Points to bring up with kid.

  • Accomplishment makes you feel much better than praise.
  • Keeping silent on their goals. Would be equivalent to parents stopping praise in return. Neither of them gets anywhere.
  • Parent love is not tied to praise or accomplishment.
  • Was there some goal that they were not praised for?
  • Thanks for your thoughts! I won‘t be seeing my child until tomorrow, and I from what I understand the issue has moved on, without me being privy to the conversation. I found your pointers very handy, thank you!
    – Edd Turner
    Sep 3, 2020 at 15:30

To summarize what I think the issue is: By praising your child for doing A, it made them reclassify A from something that they would automatically do, to something they now perceive was above and beyond their duty, and you want someone to explain how this happened and what you can do to prevent it in the future.

I would answer that not all praise sounds the same. Your praise in this instance may have been tinged with surprise that they were kind enough (naïve enough?) to ask you this question, thus cluing them in that you didn’t expect them to, leading them to think that they shouldn’t bother in the future.

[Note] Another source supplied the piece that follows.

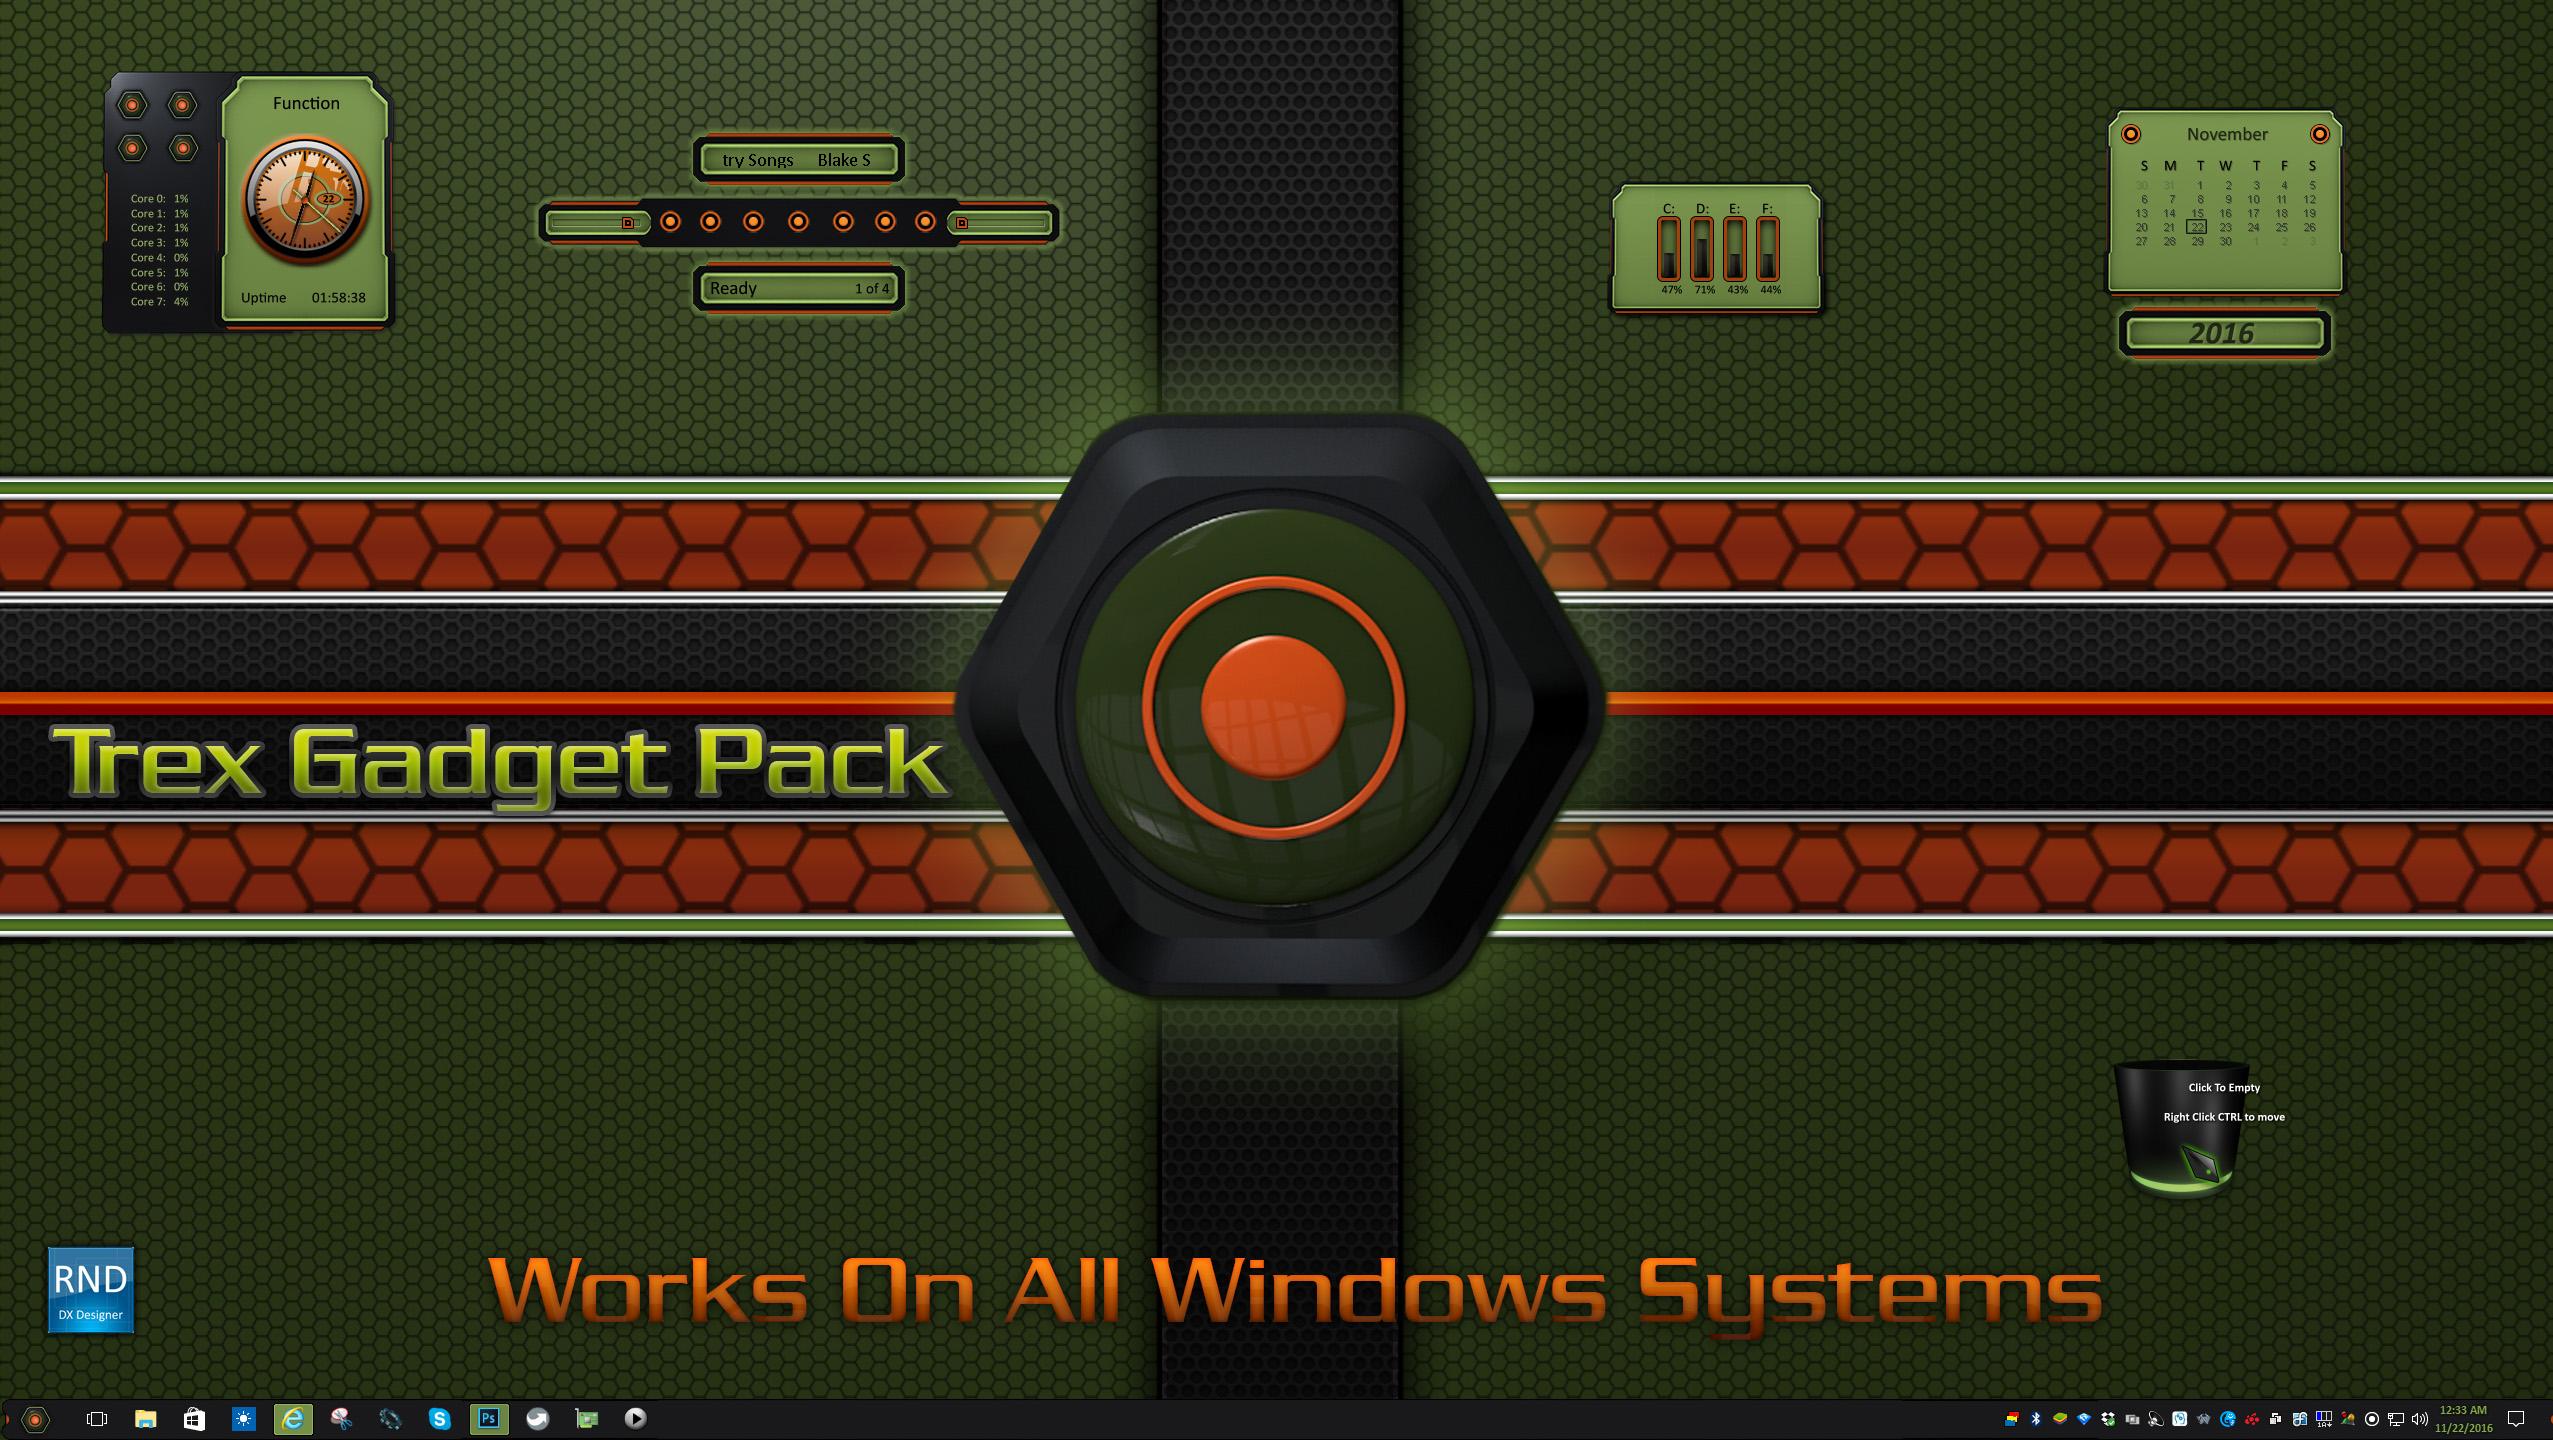 Trex Gadget Pack

If instead you had flavored your praise with admiration – you were impressed that they were smart enough to ask you – for Joe’s “because our job is to protect you from things you might not even know about” reason – they might have come away pleased with the idea that you thought they were wise and, because there be dragons on the internet, intend to ask you again next time.

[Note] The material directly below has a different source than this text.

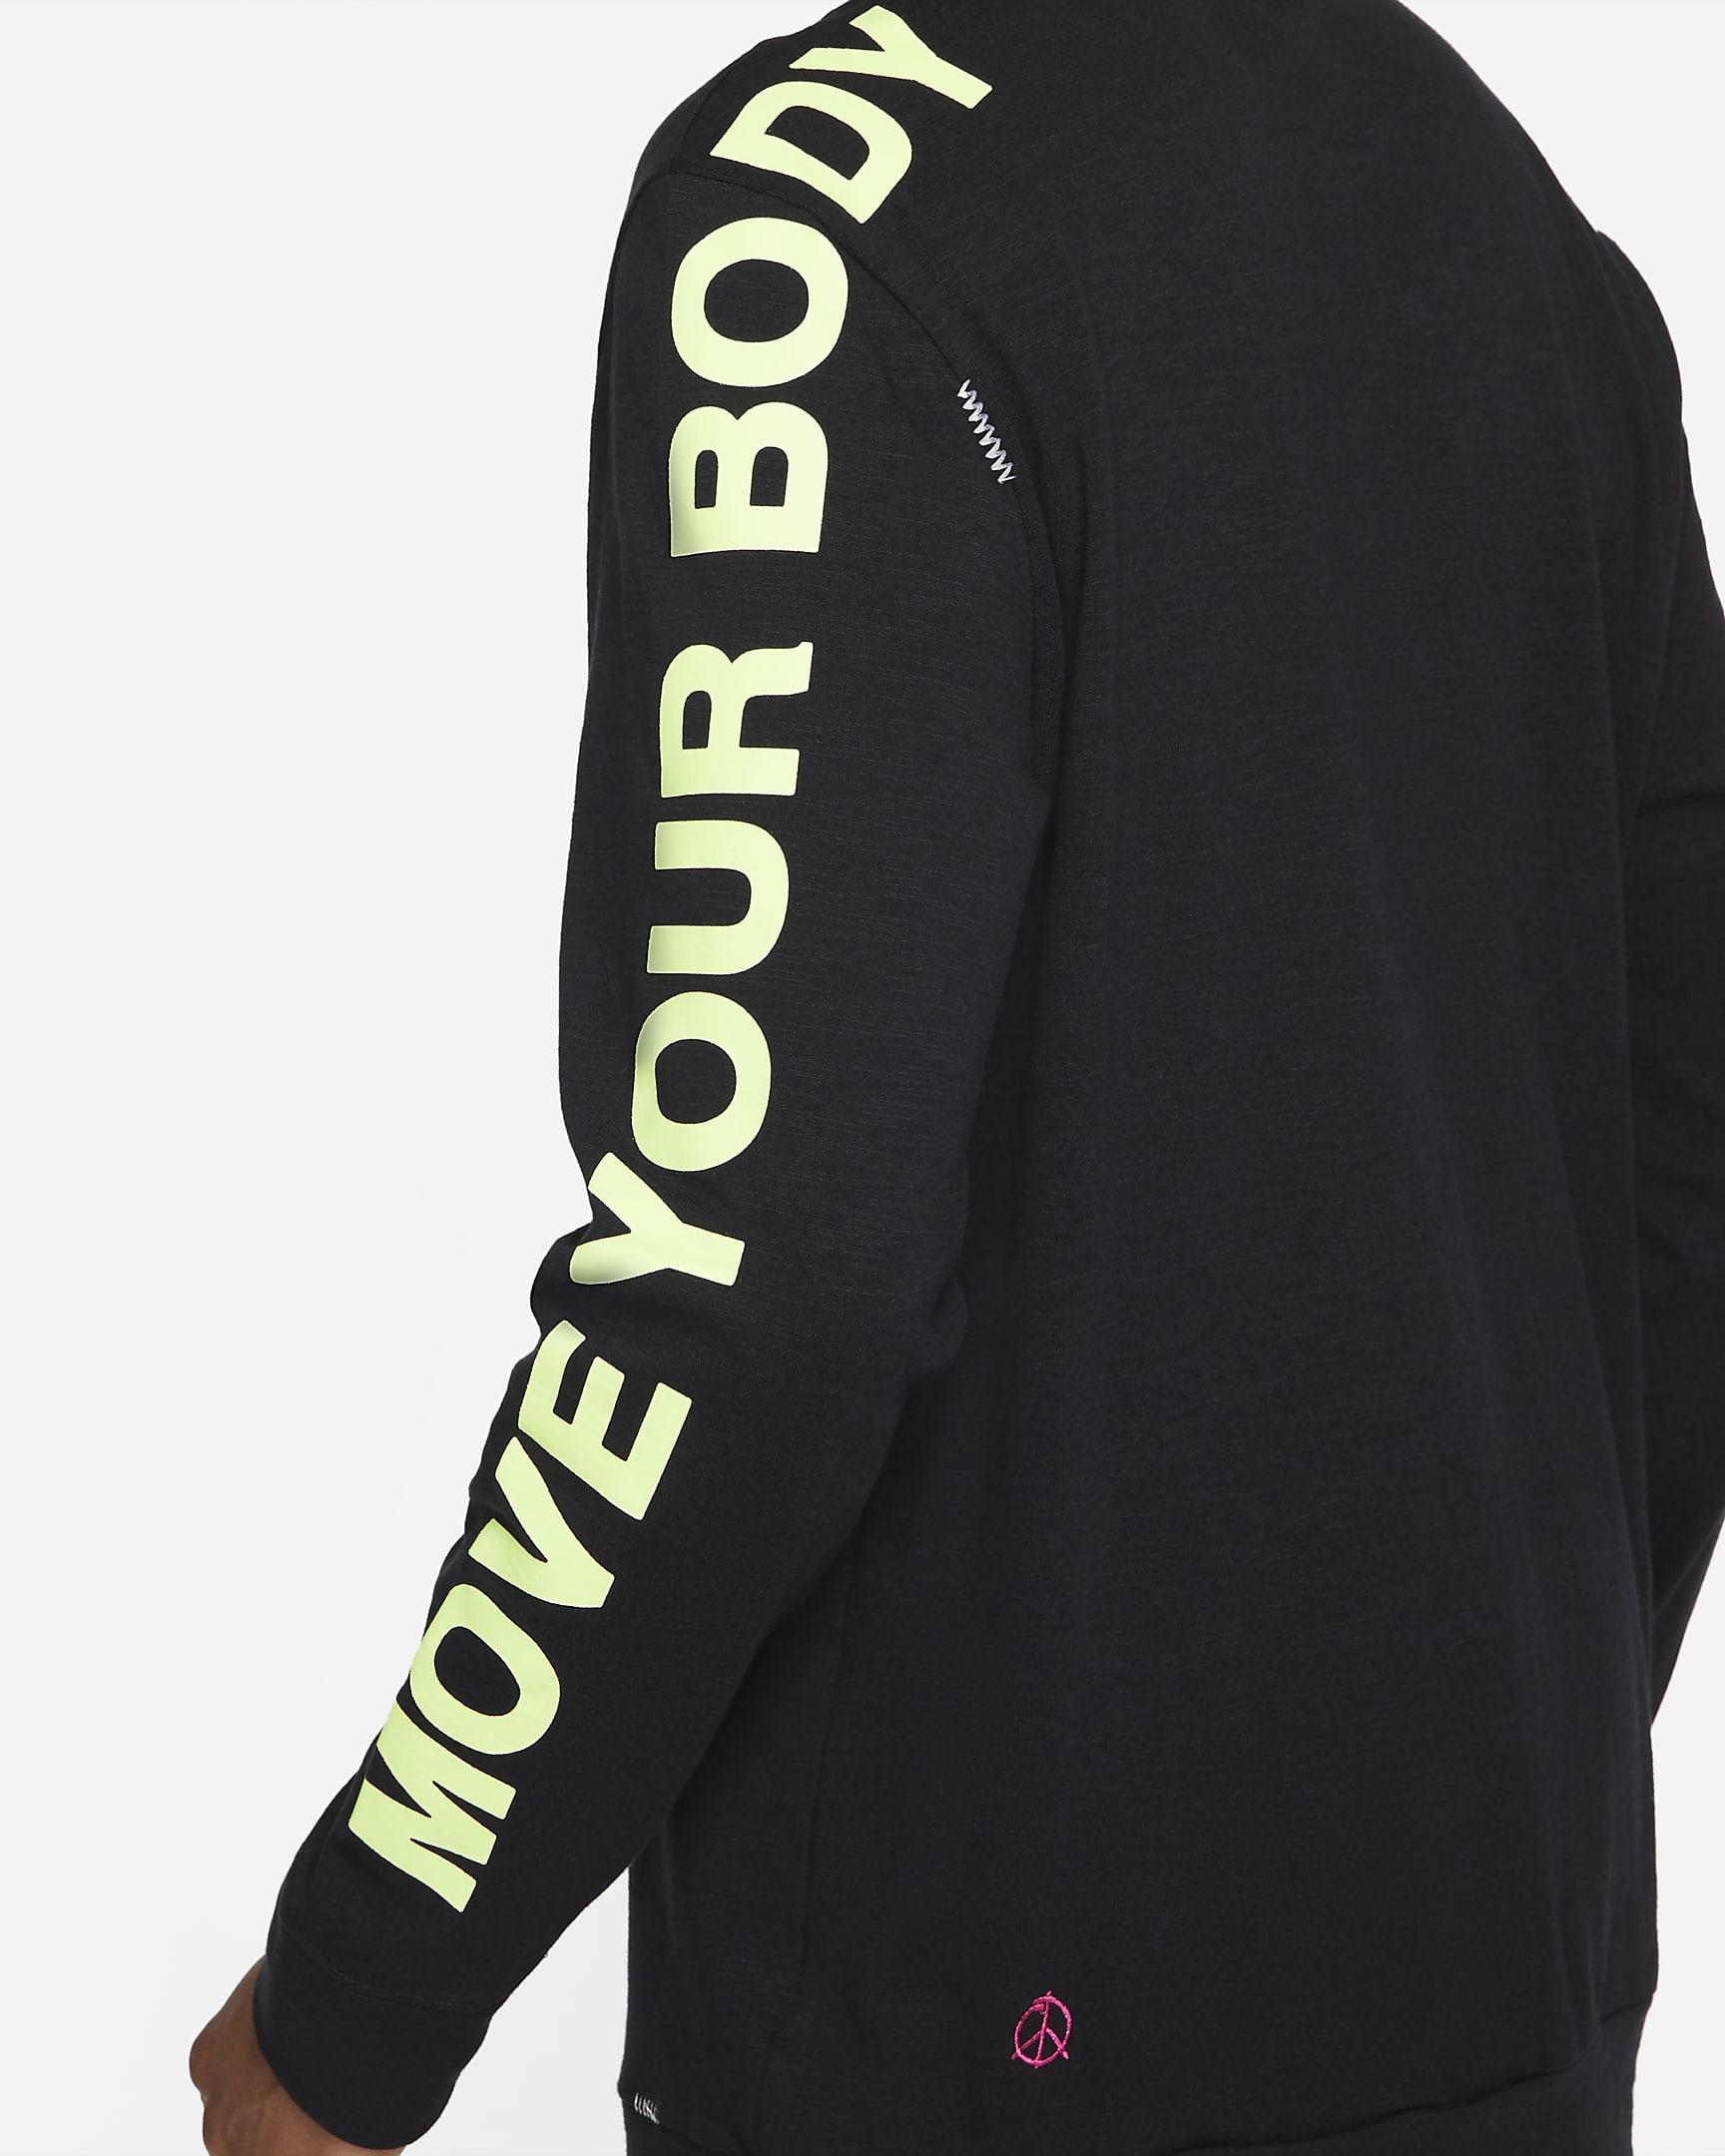 sportswear-mens-long-sleeve-top-HkJnlK-4

Note that you can do positive reinforcement without praise, however. One way is by offering respect. If you had merely discussed the issue with them, gravely and seriously, they might have been gratified that you respected them enough to do so, and – especially if you tell them there are even more dangers out there, the details of which they would be appalled to know about – resolve even more firmly to check with you next time.

Appreciation can also be offered as positive reinforcement. For your child, instead of, “Good job picking up the living room!” you could say, “The living room looks great, by the way.” Appreciation even works with adults. To your partner, you could say, “Tonight’s meal was yummy! I especially loved the mushrooms with the asparagus!” without sounding odd. In other words, to both children and adults: I noticed, and I appreciate it.

Finally, to your question of whether you should positively reinforce every behavior you want repeated, or only extraordinary things, I believe that, at least as your child gets older, praise for normal things is going to feel patronizing. After all, when’s the last time your partner told you, “Good job with tonight’s meal! I liked the way you tried hard to make it without extra calories!”

However, and if we define extraordinary things as things that require psychic effort, I think that praise (minus the hearty enthusiasm) for doing extraordinary things is gratifying at any age. “Good job not blowing up at your brother-in-law tonight. I know you wanted to, when he made those nasty remarks.”